Thursday, May 2, 2019

Can the liberal arts navigate poverty, diminished opportunity and robots?



The following opinion piece ran in The Hechinger Report on 30 April 2019.

Can the liberal arts navigate poverty, diminished opportunity and robots?

by Jonathan D. Green

The poor and less-educated are the portion of our population most threatened by automation and artificial intelligence, as more and more of their job prospects are disappearing.

When a recent study, “Robots Need Not Apply: How Job-Seeking Students Can Crush Their Fear of a Technology Takeover,” revealed an unmet need of employees with “soft skills,” it was more evidence that liberal-arts graduates are essential in the workforce — and especially important for those seeking to break out of a cycle of poverty and diminishing opportunities.

A college degree alone is not a guaranteed defense against being replaced by technology. Employers cited listening, attention to detail, and communication as the most desired skills they sought in new employees, in the study conducted by the educational consulting firm Cengage and the research firm Morning Consult.
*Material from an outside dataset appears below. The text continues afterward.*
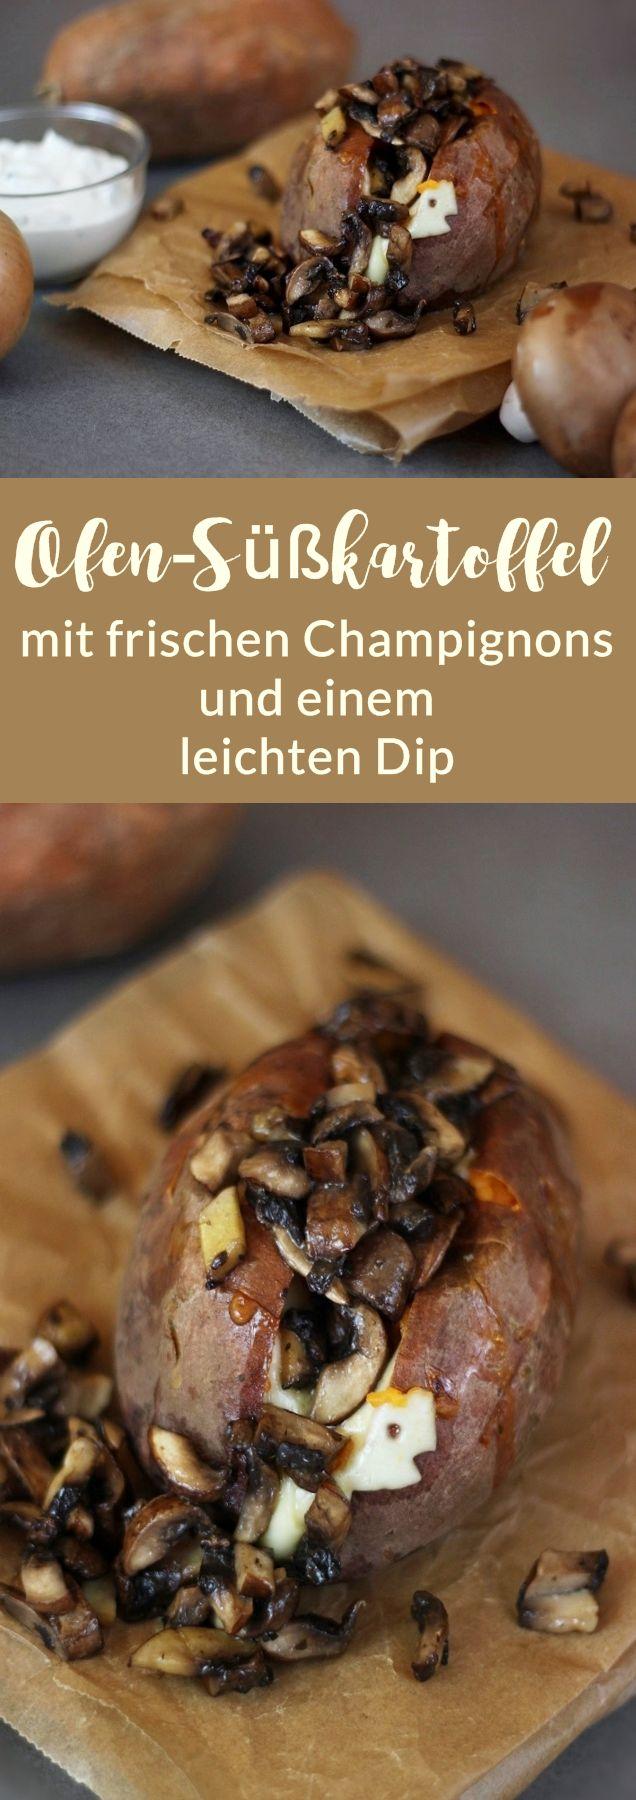 Rezept: Ofen-Süßkartoffel mit frischen Champignons und einem leichten Dip, bestehend aus griechischem Joghurt und Frühlingszwiebeln.  #rezept #süßkartoffel

Colleges and universities provide gateways to the middle class for many deserving students. At Susquehanna University, where I am president, approximately 40 percent of students are first-generation college attendees, and 31 percent of our first-year class are Pell Grant recipients. We foster a skill-set that will protect our graduates from the impending obsolescence of so many of the jobs to which they would be limited without a university education.